I don’t have time to take in my surroundings as I’m far too concerned about my latest client. Her pallor is pale with a greenish tinge and she looks as though she hasn’t slept in weeks. Her hair is tied up in what suspiciously looks like a pair of knickers and every time she begins to talk, she claps her hands over her mouth and starts retching. Despite not yet being formally introduced, I feel a real sense of compassion for her – this is one newly pregnant lady who is really suffering and I need to help her.
Carefully taking her hand amidst the fear she might be about to collapse on me, I lead her down the marble corridor and into what must be her living room. The room is bathed in light, thanks to two huge sash windows looking out onto a small but immaculate garden. The whole room, I notice, is completely pristine. There is a huge white L-shaped sofa to the far right, which sits in front of a marble coffee table, currently adorned with the biggest bunch of peonies I have ever seen.
Acqua di Parma candles burn brightly (and smell gorgeous) on a small coffee table next to some beautiful-looking books all about fashion. A Brora throw in a pale, creamy green lies elegantly across a winged armchair and behind it stands an Art Deco gilded mirror, which is the size of the entire wall. The room is – without a doubt – absolutely stunning.

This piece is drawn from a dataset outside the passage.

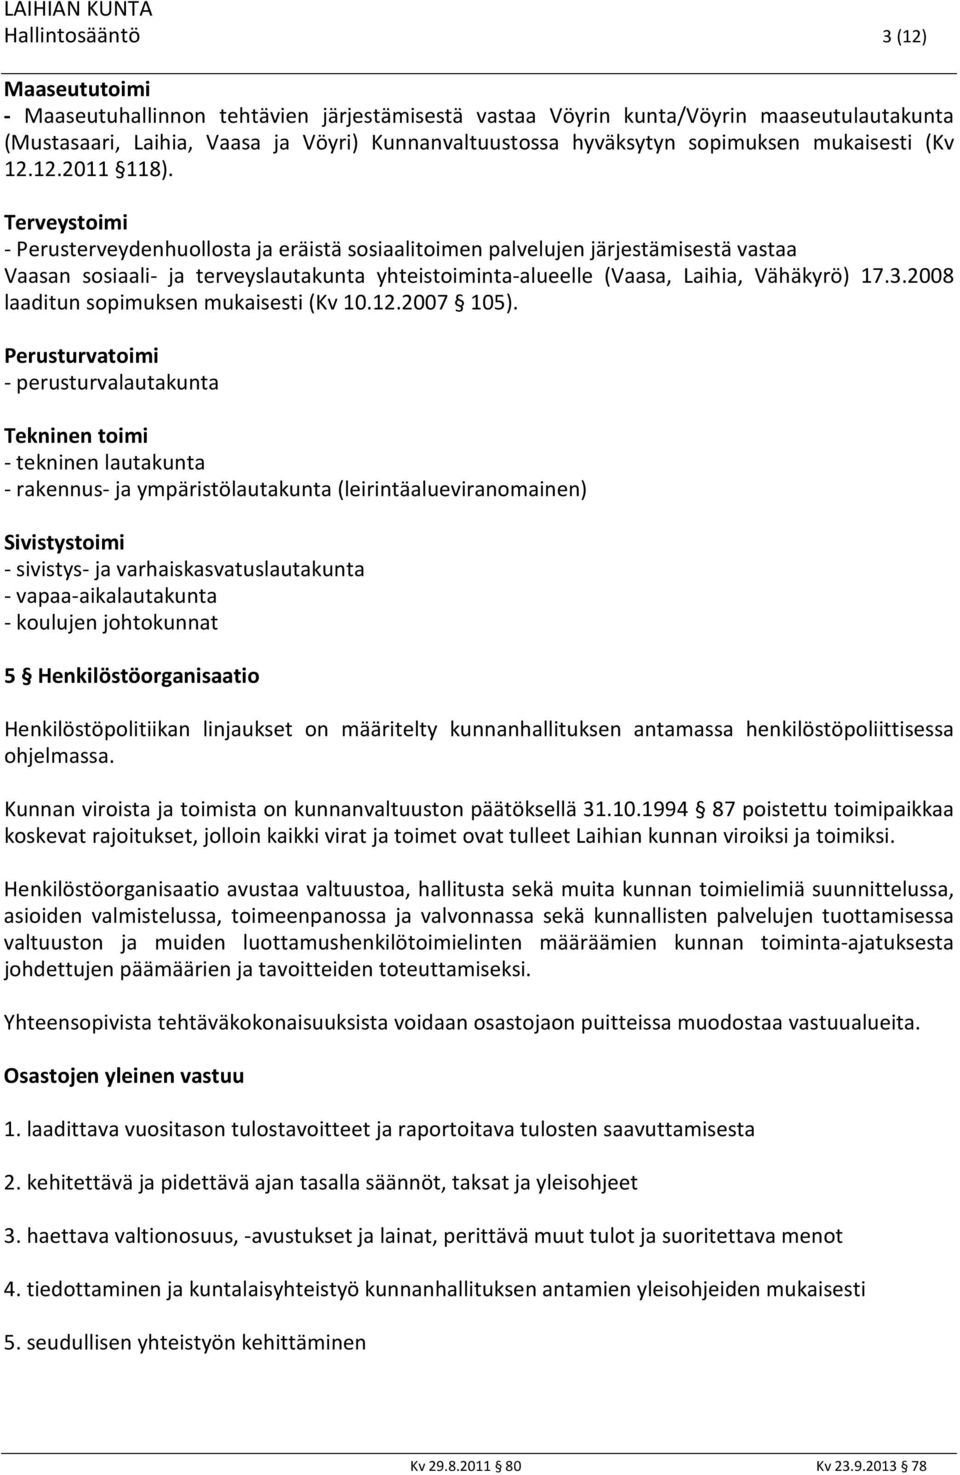 Terveystoimi - Perusterveydenhuollosta ja eräistä sosiaalitoimen palvelujen järjestämisestä vastaa Vaasan sosiaali- ja terveyslautakunta yhteistoiminta-alueelle (Vaasa, Laihia, Vähäkyrö) 17.3.

Placing my newest client – who has now formally introduced herself as Lucy – down onto the armchair, I find the kitchen and pour out a glass of water from the tap. Halfway, I stop myself – would this client drink tap water? – and toss it to one side whilst opening the fridge and taking out a bottle of sparkling Perrier water.
I walk back into the living room and hand over the glass, which Lucy accepts gratefully. She has composed herself a bit and a slight hint of colour has come back into her face, I notice.